* [RECORDS FOR THIS EXERCISE]:
※ ※ ※

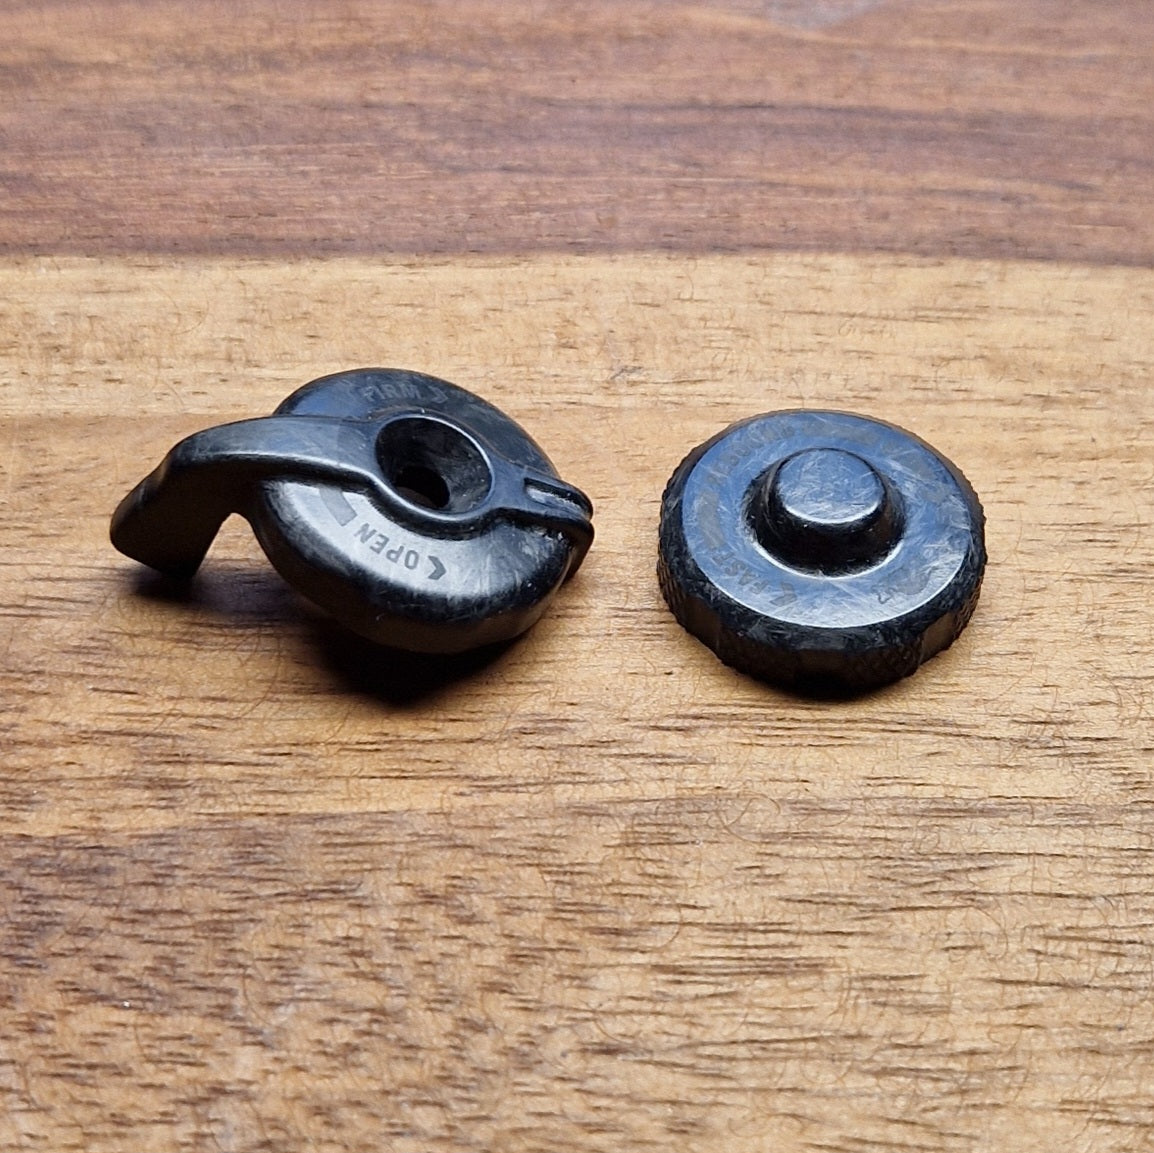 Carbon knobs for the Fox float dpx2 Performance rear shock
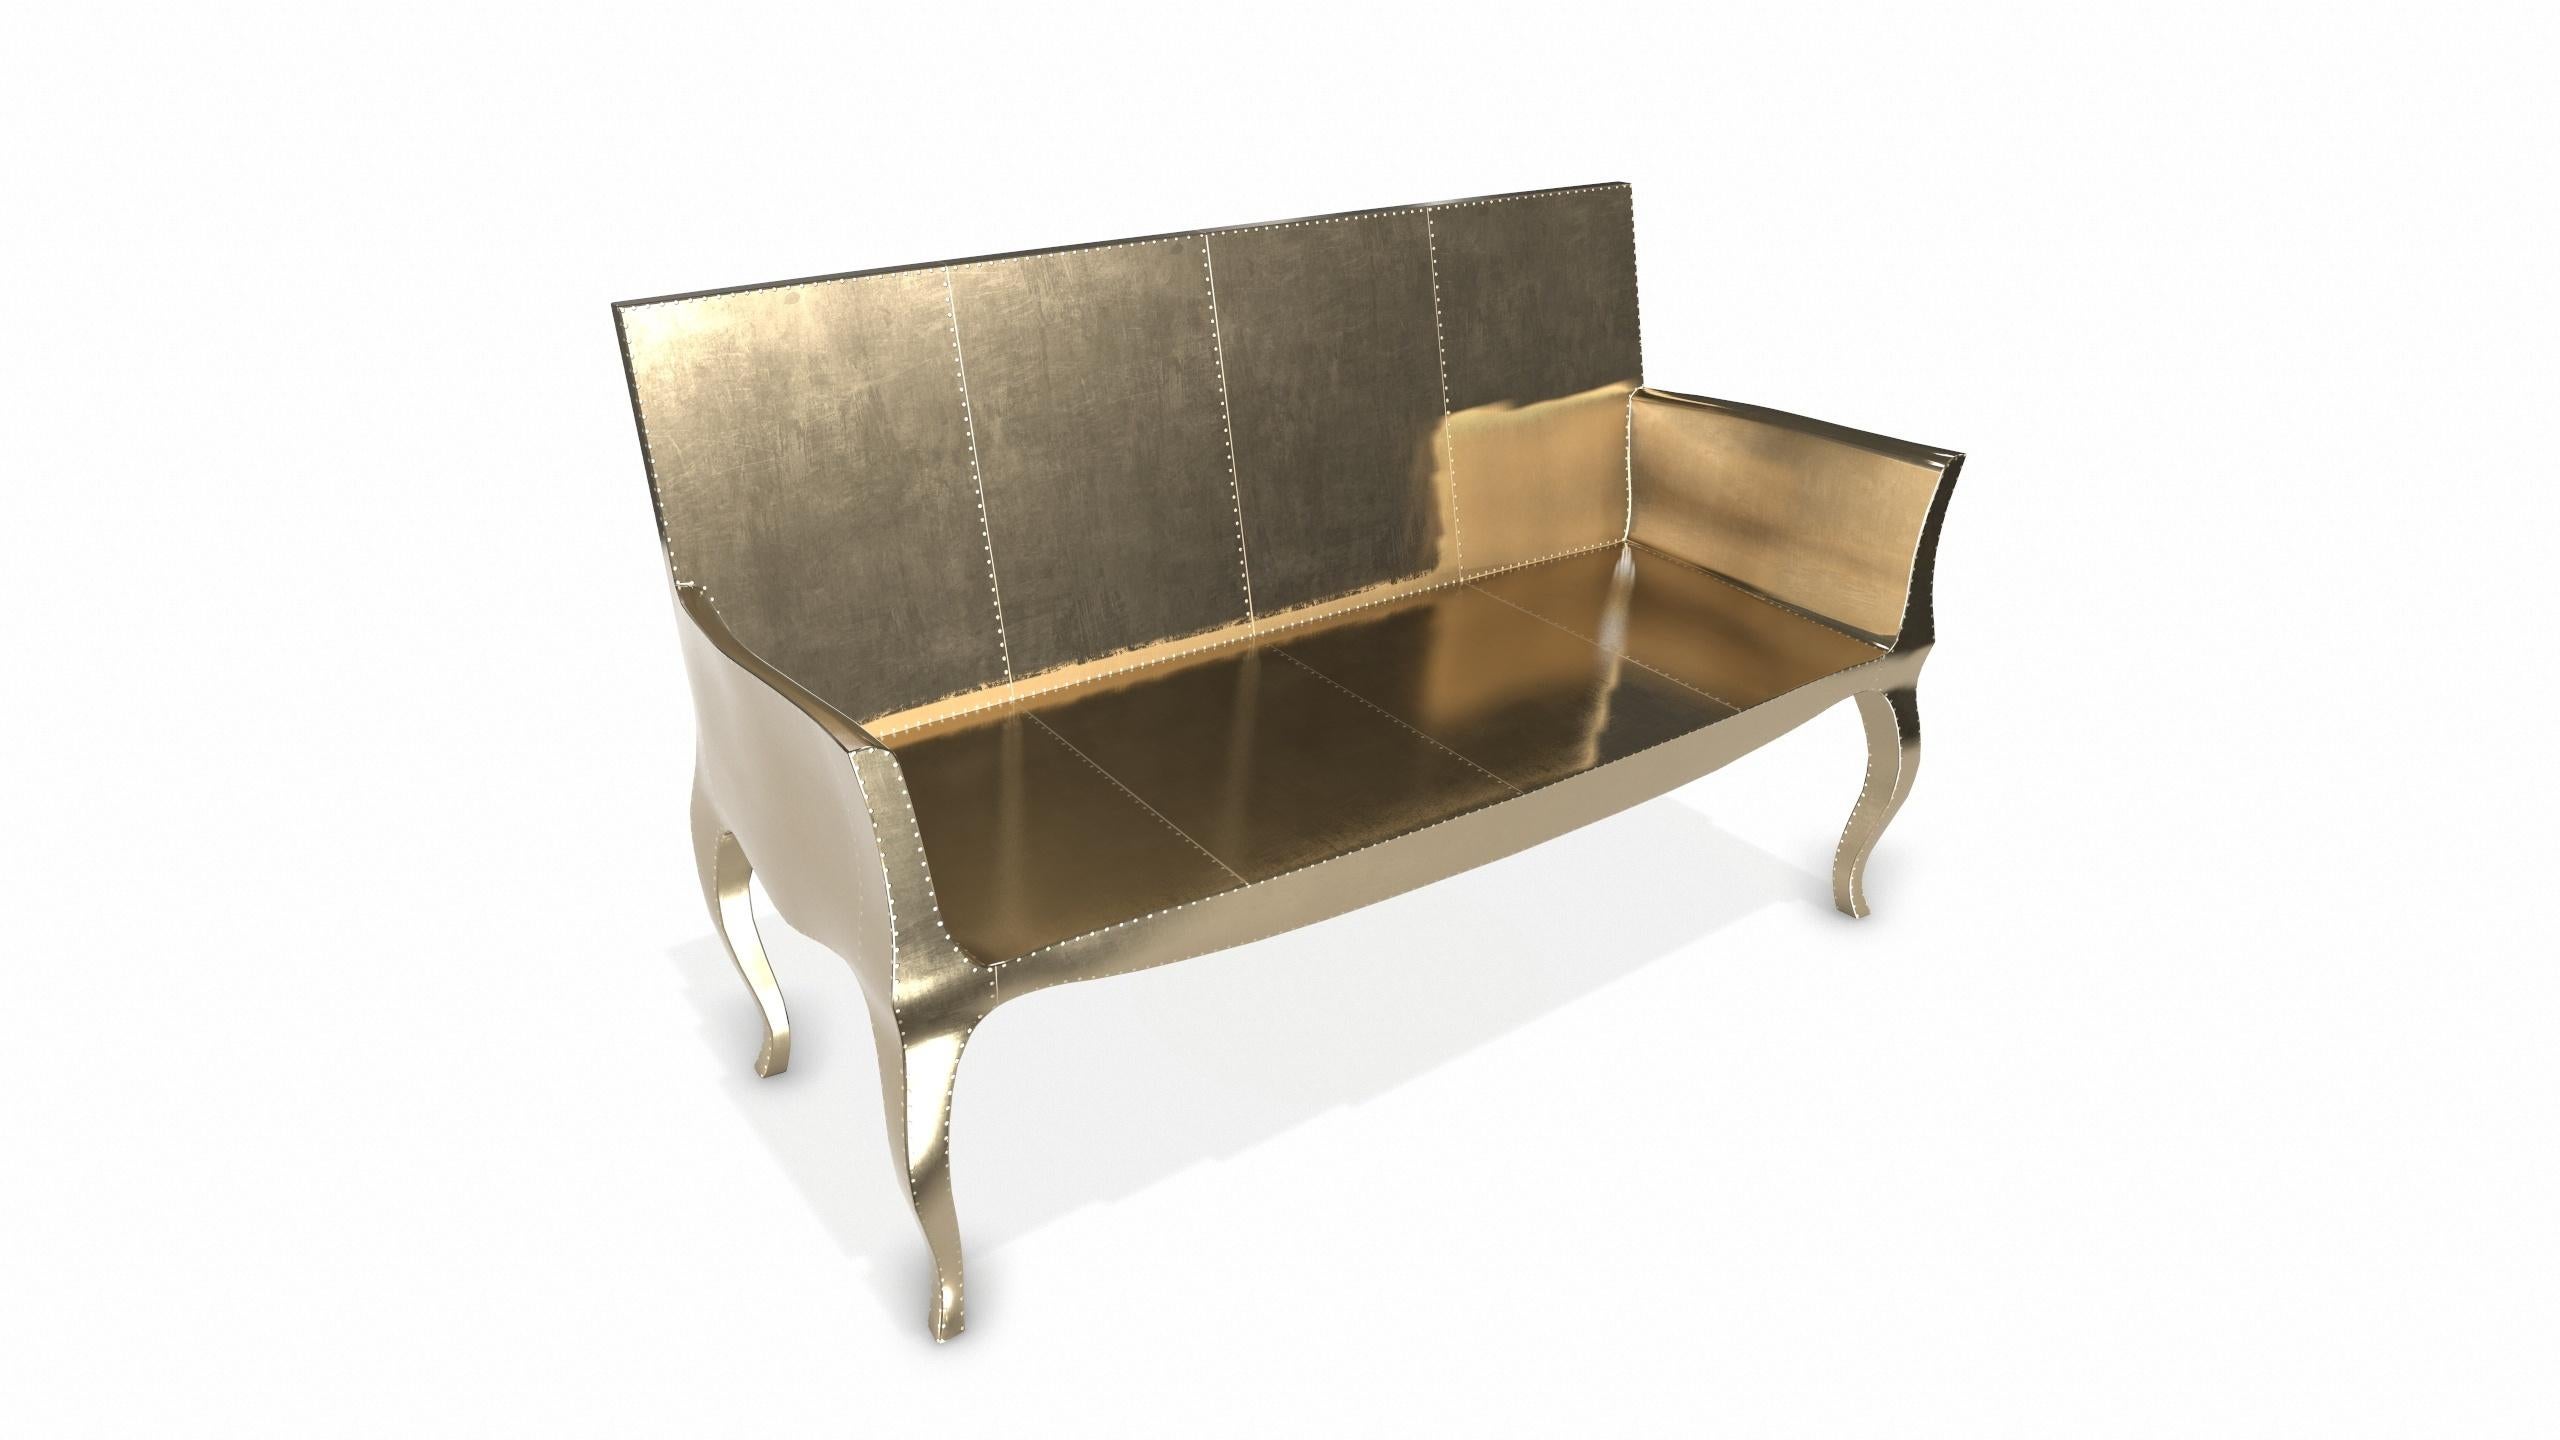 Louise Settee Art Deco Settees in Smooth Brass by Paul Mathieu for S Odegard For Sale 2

※ ※ ※

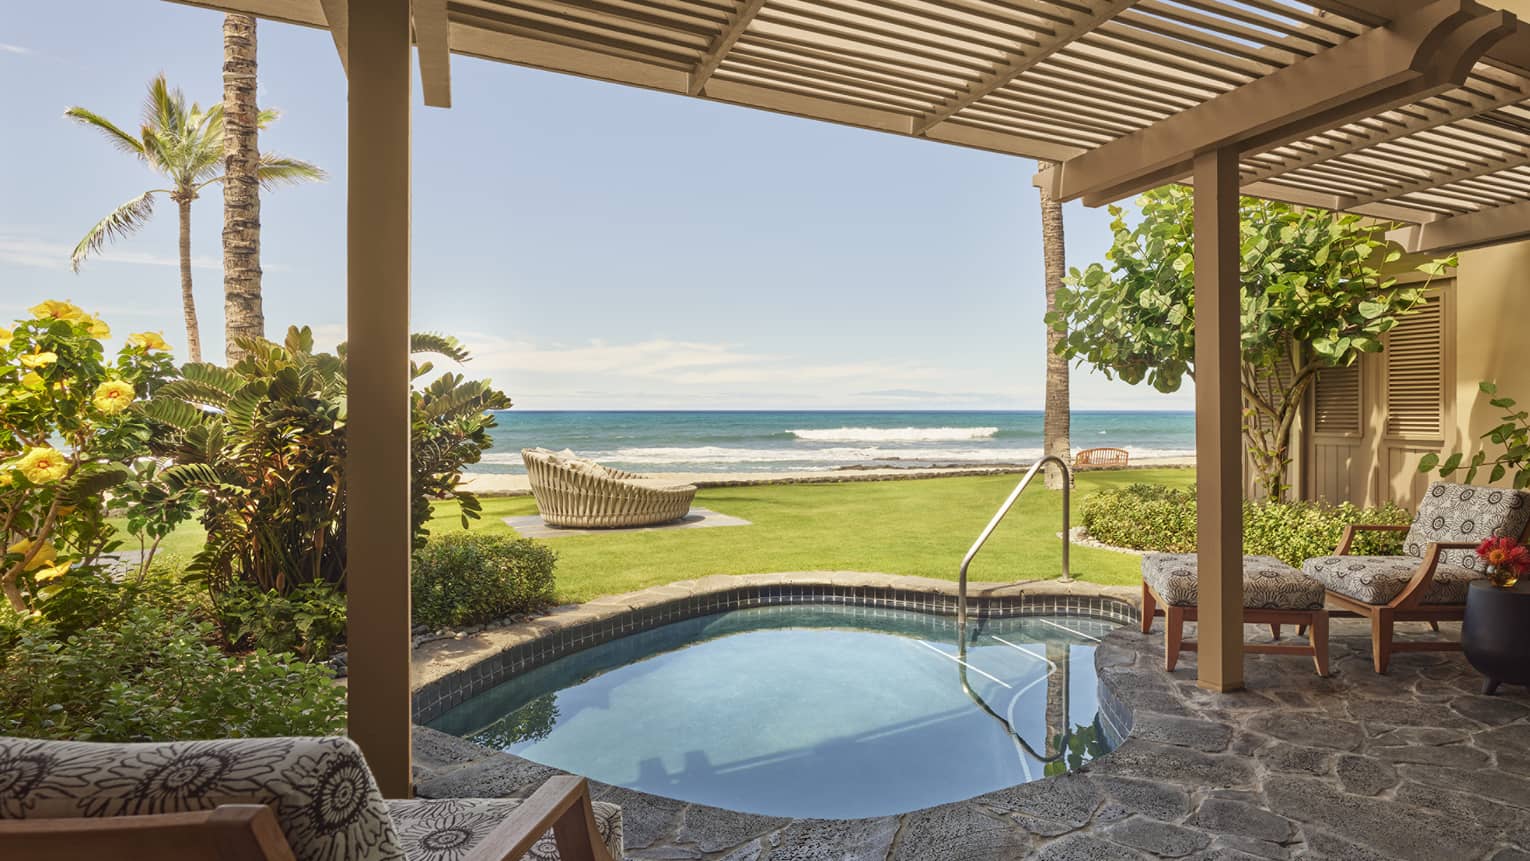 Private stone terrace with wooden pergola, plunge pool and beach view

※ ※ ※

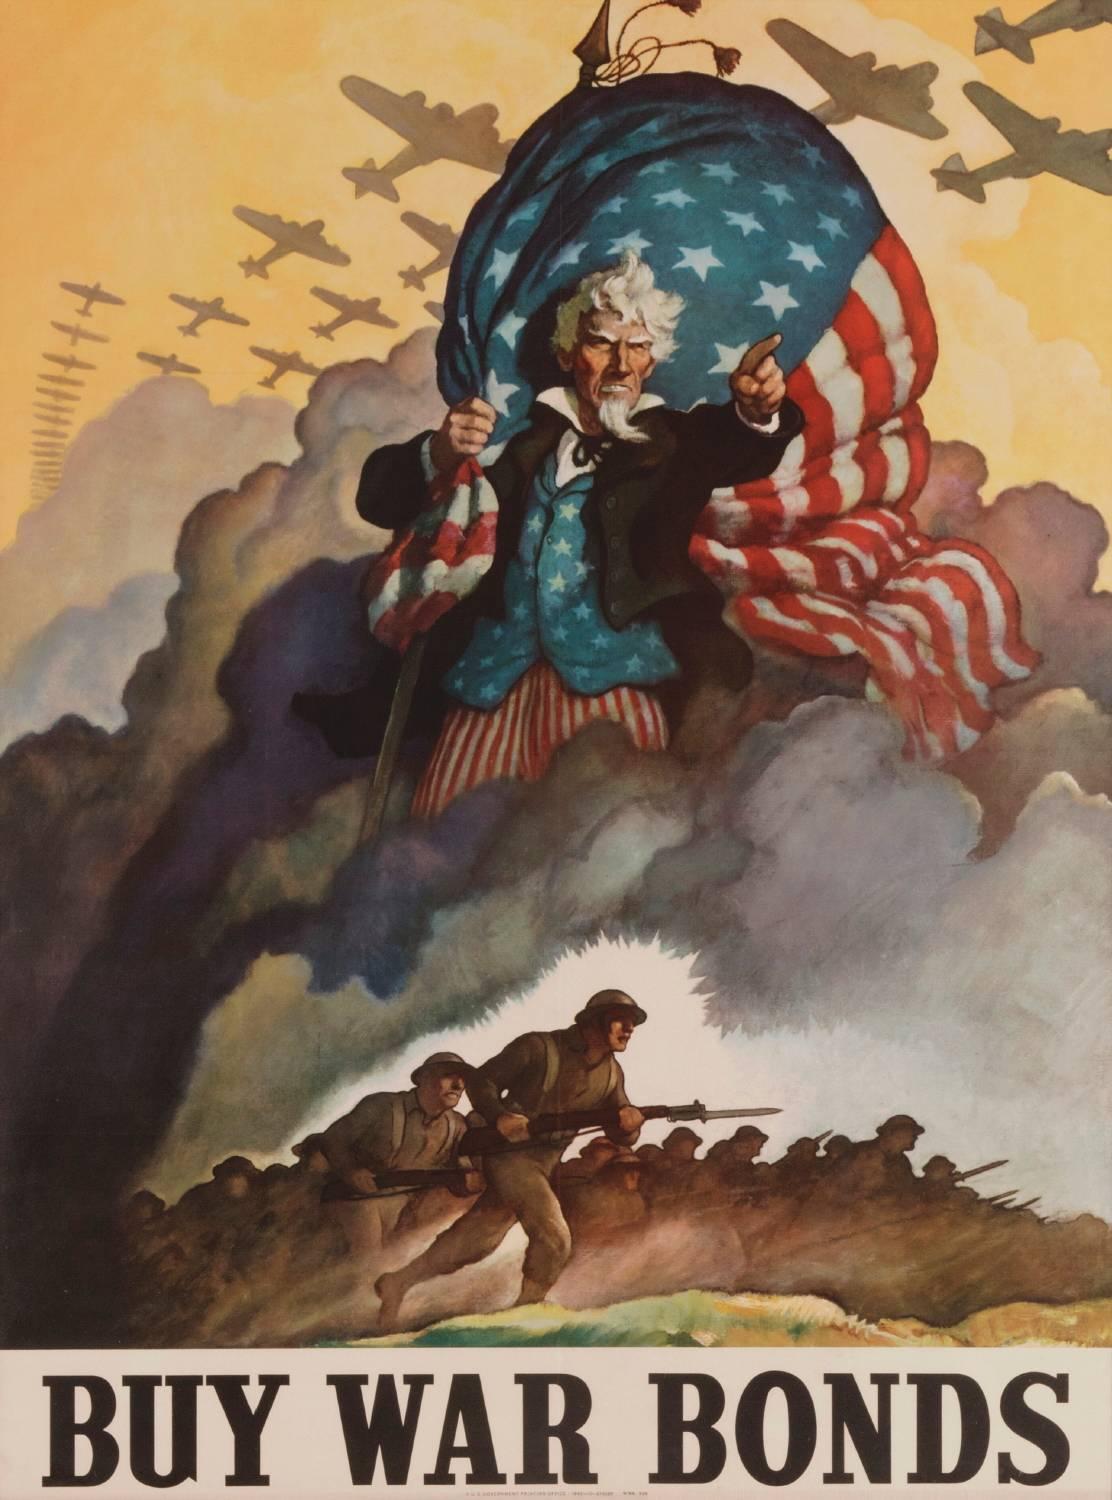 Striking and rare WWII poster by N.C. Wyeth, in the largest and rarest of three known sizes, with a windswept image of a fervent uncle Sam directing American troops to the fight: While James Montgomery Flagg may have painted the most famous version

※ ※ ※

* [YOUR ASSIGNMENT]:
Given the listing above, retype only the span of lines from the line with "Carbon knobs for" up to and including the line with "Louise Settee Art", exactly as it stands and without pictures.

* [SOLUTION FOR THIS PROBLEM]:
 Carbon knobs for the Fox float dpx2 Performance rear shock
 Louise Settee Art Deco Settees in Smooth Brass by Paul Mathieu for S Odegard For Sale 2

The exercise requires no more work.